Tuesday, July 21, 2015

Fort Necessity National Battlefield, 7/19/15

Located about 10 miles west of Uniontown, PA, is the where the opening battle of the war fought by England and France for control of North America occurred in 1754. There were rival claims between the two countries for the territory between the Appalachian Mountains and the Mississippi River (the Ohio Valley). The conflict came to be known as the French and Indian War here and as the Seven Years' War in the rest of the world (1754 to 1763). At the end of the war, France was expelled from North America and India.

Our first stop here, as always, was the Visitor Center.

There are impressive exhibits as well as a video that can be seen in the theatre that provide the history of Fort Necessity, Braddock's Grave, The National Road, and Mount Washington Tavern. The Park Rangers shared with us the schedule for the day for Ranger-led tours, educational sessions, musket firing, etc.

Fort Necessity:

George Washington, a 21-years old lieutenant colonel for the British, was sent to warn the French to withdraw from the area in 1753-54. 

They refused, setting the stage for the battle at Fort Necessity.  The Native Americans informed Washington that a French scouting party was in nearby Jumonville Glen. The Virginia Regiment led by Washington engaged in a squirmish that resulted in the French commander being killed. Debate continues on how the battle began: the French contend they were ambushed and murdered; the British said that the French fired the first volley.

When Washington and his troops arrived at the Great Meadows they were exhausted and with only limited supplies. They began building a stockade structure with an enclosed shed to house supplies (flour, corn, gunpowder, musket balls, cannon shot, and rum). He also had them dig trenches around the stockade area that can be seen today. 

The French attacked at dawn on July 3, 1754 with a force of 700. Washington's 300 men were outmanned and were poorly position for the battle. In torrential rain the fight lasted about 8 hours resulting in 30 dead and 70 wounded of the 300 British troops. The French offered terms of surrender that Washington accepted and his troops retreated in defeat.

The British turned the tide of the war in 1758. It ended in America in 1760 when the British captured Montreal. The Seven Years War continued in other parts of the world until 1763. 

Braddock Grave: The Braddock Road opened in 1751 between Fort Cumberland (upper Potomac in VA) to the French military station at Fort Duquesne (Pittsburgh). It was named for British General Edward Braddock who, accompanied by Colonel George Washington of the Virginia Militia, used it for the failed assault on Fort Duquesne in 1755. 

Injured in the fighting at the Battle of Monongahela, Braddock died of his wounds 7/14/1755 and was buried in the middle of the road by his men. They feared that the Native Americans would mutilate his body if they found the secret grave. 

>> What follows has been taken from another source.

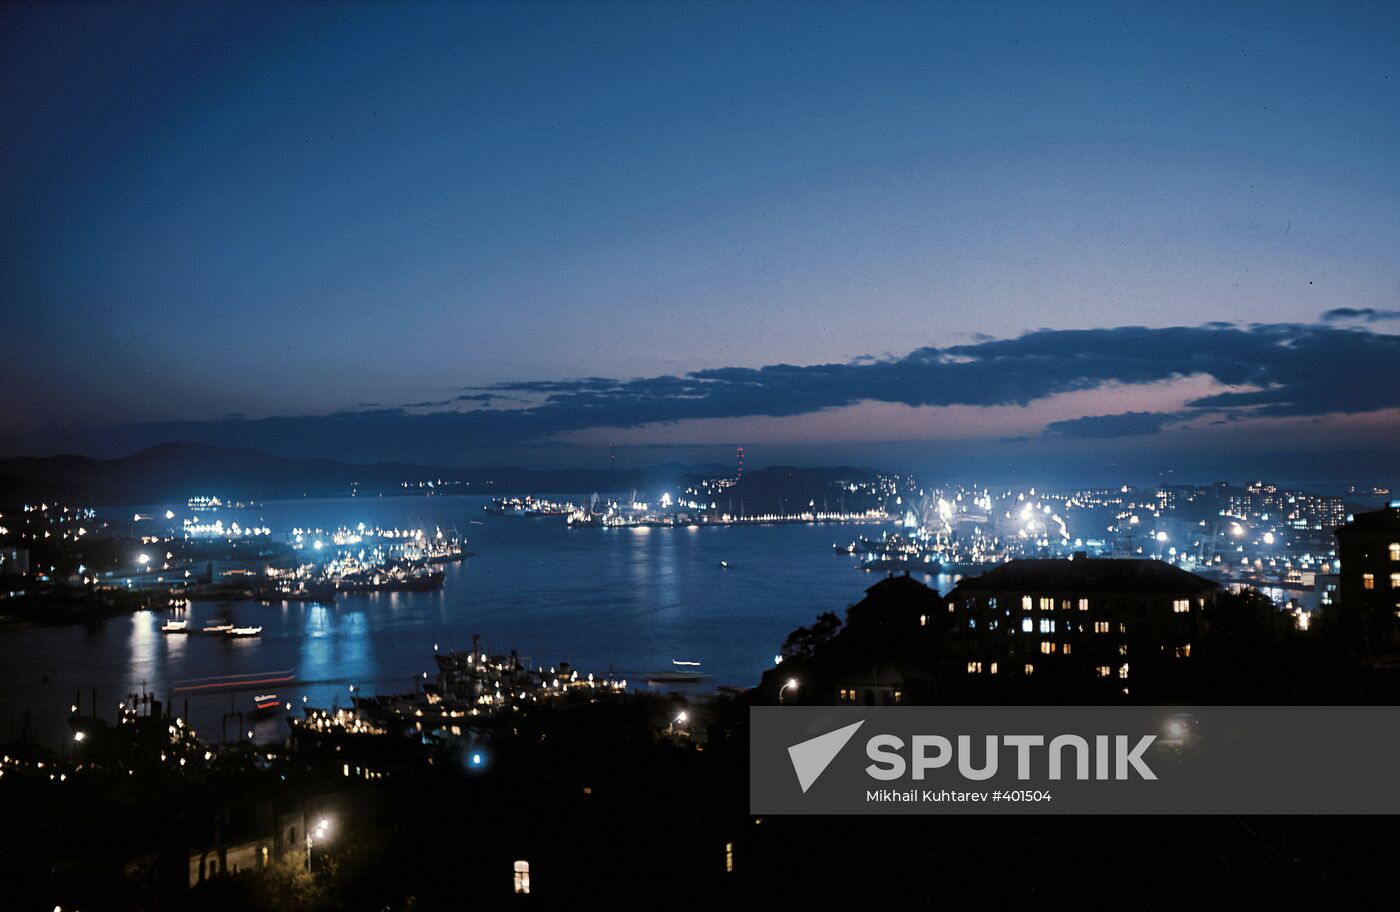 Vladivostok at night

In 1804, during repairs to the road, workmen uncovered Braddock's grave. His remains were disinterred on this hill. The granite monument was added in 1913.

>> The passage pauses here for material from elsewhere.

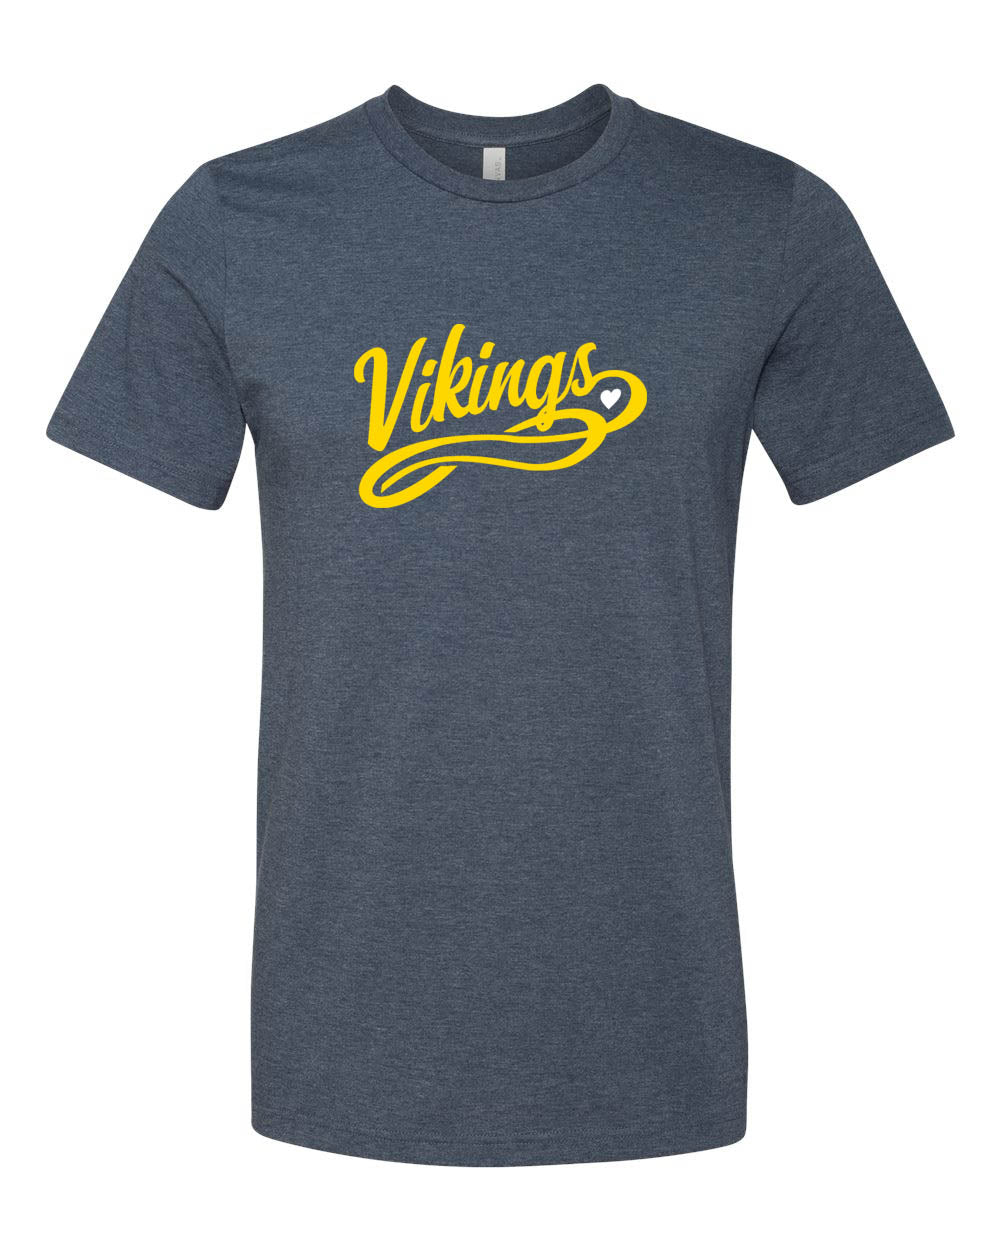 Vernon design 3 t-Shirt

The National Road: George Washington proposed a route to connect the Western frontier to the eastern seaboard in the late 1700s. The building of the road, later named The National Road, was authorized by Congress in 1806. Work began in 1811 and connected Cumberland to Wheeling by 1818. By 1829, the road stretched 600 miles to Vandalia, IL. It was the first federally funded highway. A few original markers can be seen today along Route 40 which follows most of the original route.

Mount Washington Tavern: Built in 1830, Mount Washington Tavern was stage stop for the Good Intent Stage Line. It was one of many such establishments along the National Road, although this was finer than most.  

90% of the structure is original and restoration work is currently underway on the exterior. The interior remains open.

Travelers had a hot meal in the dining room. Women gathered in the parlor after dinner while the men went to the barroom.

Men and women slept in separate rooms on the second floor, often sharing bedspace with strangers. Most just slept in their clothes arising early the next morning to continue their journey.

Admission to Fort Necessity is $15, but our senior pass gets us in for free. Honestly, I had never heard of this place. We thoroughly enjoyed the quality exhibits at the Visitor Center and learning more about our nation's history in this part of the country. If you visit, be sure to tour the Tavern and Braddock's grave that are located a distance from Fort Necessity. You can walk or drive to the Tavern, but will need to drive a couple of miles to the grave.